Plus one workspace edit (NOT in git — per-user data):
- `~/.her-os/annie/RULES.md` v1 → v2 on Titan: removed strict "MAXIMUM 2 sentences" rule. Backup at `RULES.md.bak`.

**E2E confirmation from session 123 end:** YouTube intruder voice leaked at 04:23:17 → Speaker gate rejected sim=0.109 → ResponseTracker resumed 117 chars → Kokoro delivered audio (TTFB 247ms) → zero `unable to append audio to context` warnings → Annie finished cleanly. Barge-in + intruder-reject + resume is working end-to-end.

## Context for next session

Read before starting:
- `MEMORY.md` session 123 section — has the full causal chain across the session (4 bugs all caught by E2E, each informing the next fix)
- `feedback_verify_titan_at_head.md` — the deployment gotcha that cost ~1 hour today (the motivation for Issue 1 below)
- `infra_vllm_gemma4_reasoning_parser.md` — vLLM reasoning-parser gotcha
- Current HEAD on Titan: `e8efeae` — verify with `ssh titan "cd ~/workplace/her/her-os && git log --oneline -1"`

## Issue 1: Deployment Safety in `start.sh` (PRIMARY — 20-30 min, high leverage)

### Problem

Session 123 lost ~1 hour to stale-code restarts. I committed+pushed 5 fix commits, restarted Annie 3 times, and the user retested 3 times hearing the same bugs — because `./start.sh annie` blindly restarts the Python service using whatever's on Titan's disk, regardless of whether it matches `origin/main`. User sees "fix didn't work" when the truth is "fix not deployed."

`./start.sh annie` runs from laptop but SSHes into Titan to spawn the Python service from Titan's local filesystem. So `restart ≠ redeploy`.

### Design (sketch — validate during implementation)

Add a pre-start check to `start_annie` (and probably `start_all_titan`) that:

1. Runs `ssh titan "cd $TITAN_PROJECT && git fetch && git rev-parse HEAD"` and compares against `git rev-parse origin/main` from laptop.
2. If Titan HEAD != origin/main:
   - **Option A (auto-pull, safer default):** `ssh titan "cd $TITAN_PROJECT && git pull"` then proceed.
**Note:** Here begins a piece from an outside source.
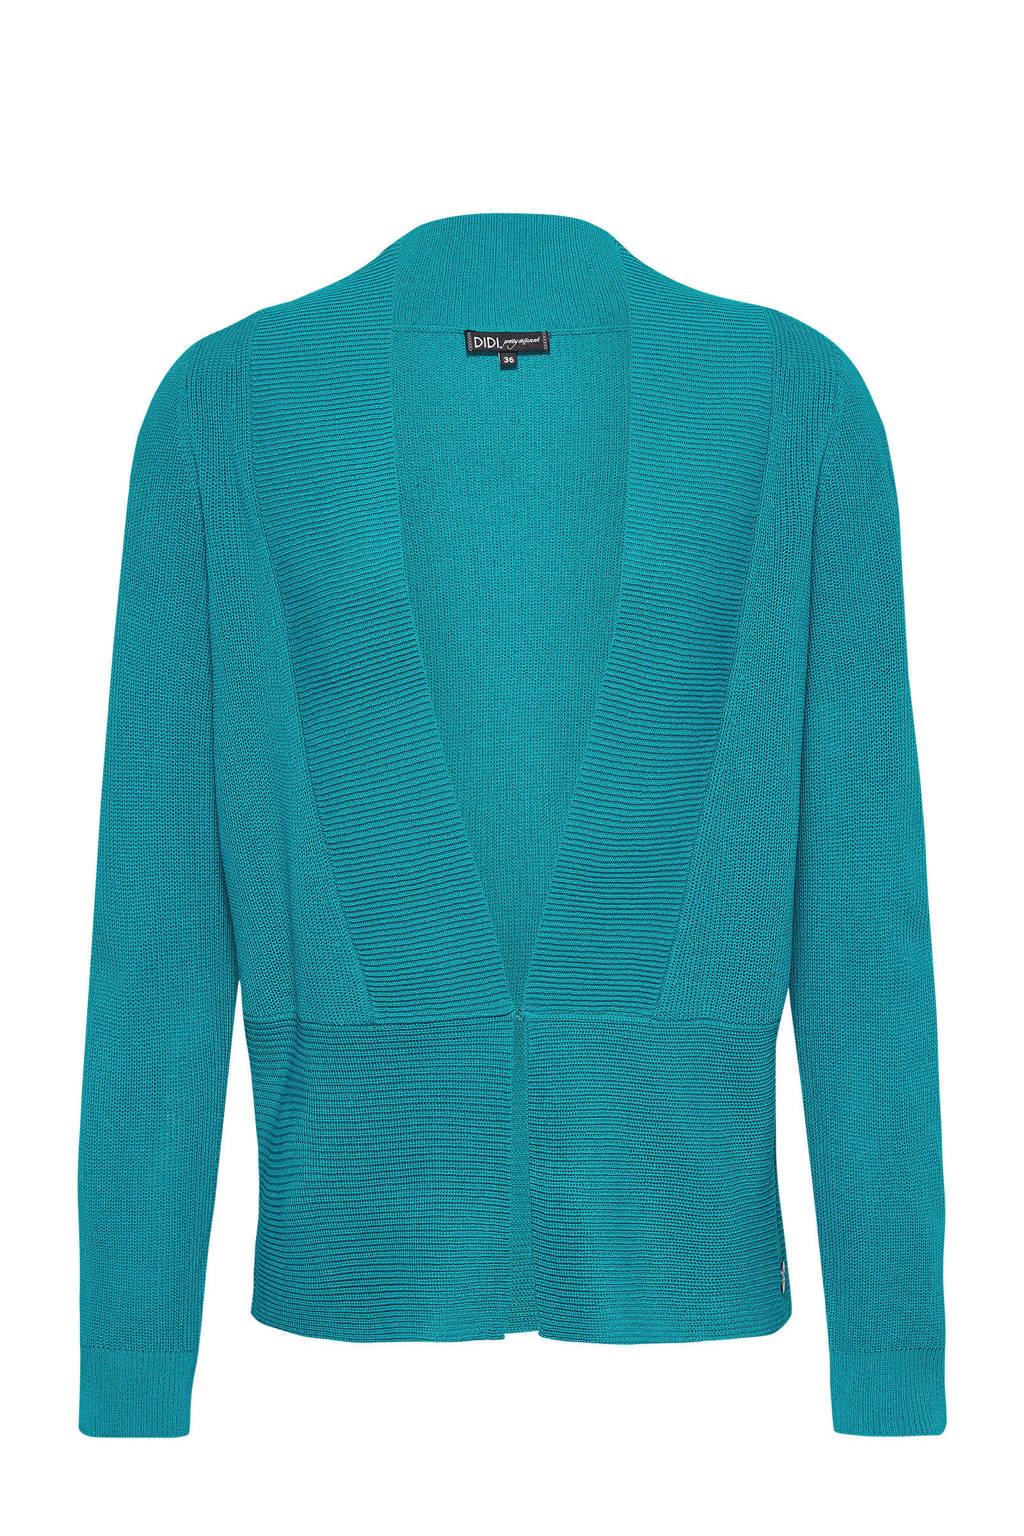 Didi vest turquoise, Turquoise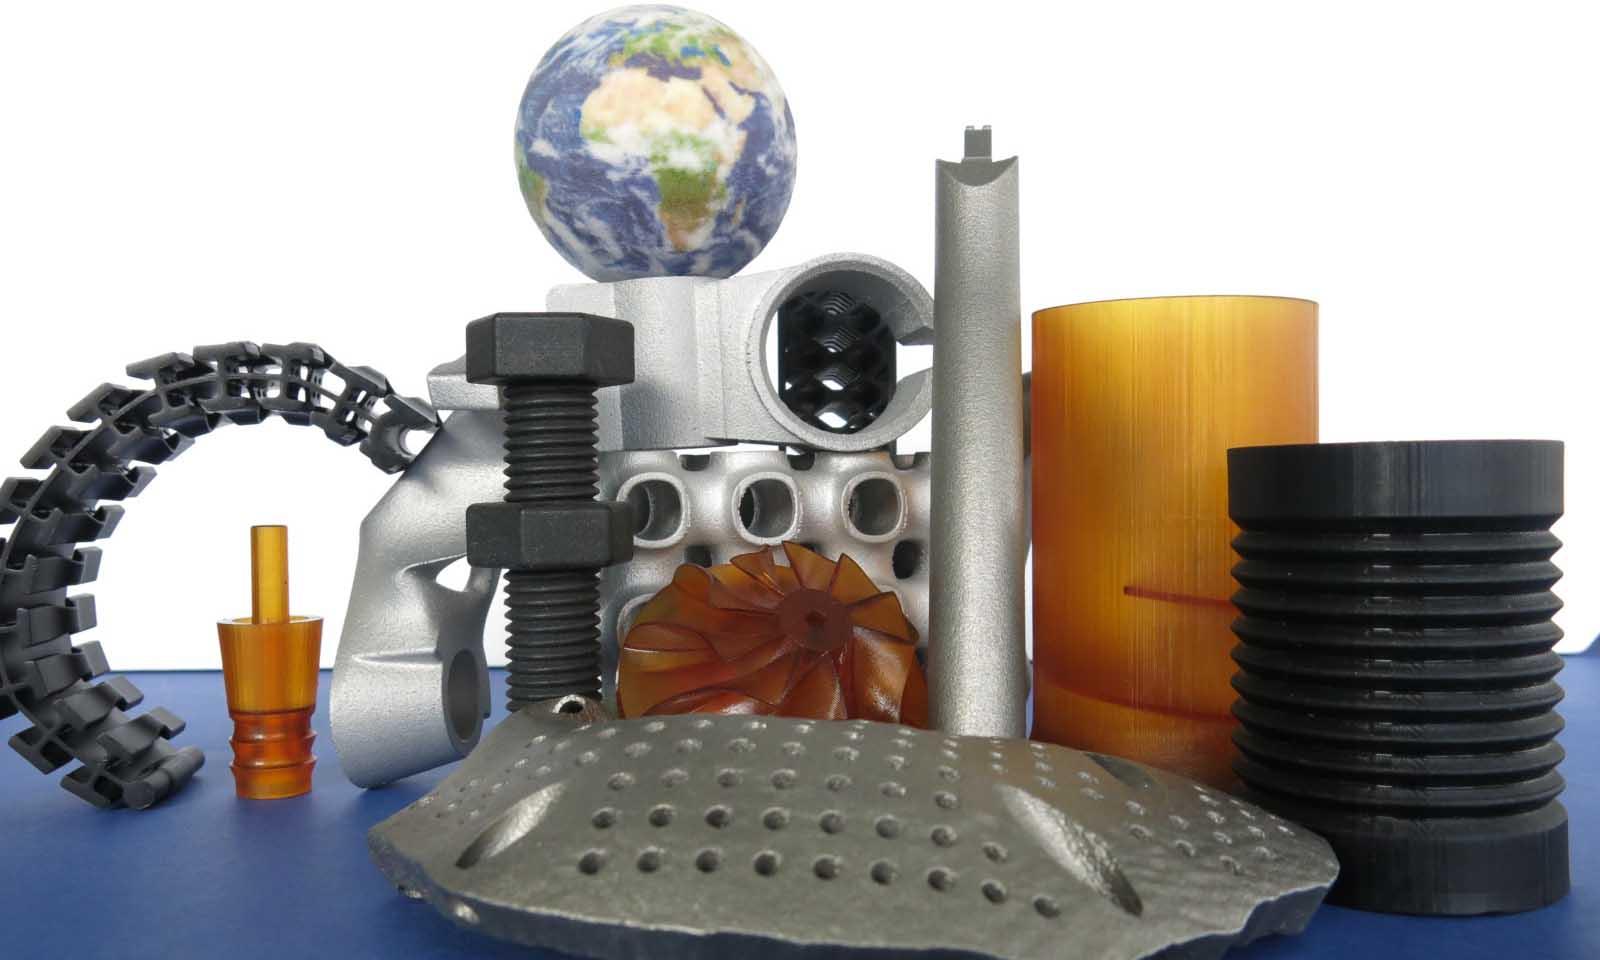 3D Printing materials: Properties and Material Simulation

Fail loudly on merge conflicts.
   - **Option B (warn-and-abort):** print `"⚠ Titan is N commits behind origin/main. Run: ssh titan 'cd $TITAN_PROJECT && git pull'"` and `exit 1`.
   - **Option C (interactive prompt):** default to auto-pull but let user `--no-pull` override.
3. Same check for Panda if any Panda-side service needs it (phone stack). Lower priority since today's pain was Titan-specific.

**Recommended:** Option A by default with a visible log line (`→ Titan was 5 commits behind origin/main, pulled to HEAD e8efeae`). Fail loudly on conflicts — no silent magic.

### Edge cases to handle

- SSH timeout / Titan unreachable → surface the error clearly, don't silently fall through
- Dirty working tree on Titan (uncommitted changes) → pull will fail; report clearly, don't force
- Fast-forward vs merge → prefer `git pull --ff-only` to avoid accidental merges
- What if Titan is AHEAD of origin/main? (i.e. someone committed directly on Titan) → warn and abort, don't trash their work

### Files to modify

- `start.sh` — add a helper function `ensure_titan_at_head()` or similar. Call it from `start_annie` and `start_all_titan`. Keep other `start_*` functions unchanged initially (can extend later).
- Consider similar check in `start_llm` since `start.sh:~396-415` runs on laptop (vLLM flags are applied correctly even without Titan pull) — but the Annie Voice venv's Python code is the stale-risk path.

### Verification

1. Simulate stale state: `ssh titan "cd ~/workplace/her/her-os && git reset --hard HEAD~1"`, then `./start.sh annie`. Expect: warning + auto-pull back to HEAD, or clean abort with instructions.
2. Simulate Titan-ahead state (make a commit on Titan only): expect warning + abort, no silent overwrite.
3. Simulate SSH-down: `./start.sh annie` when Titan unreachable → existing `check_titan` already handles this, but verify the new code doesn't mask the error.
4. Normal case (HEAD matches): expect silent skip or one-line confirmation.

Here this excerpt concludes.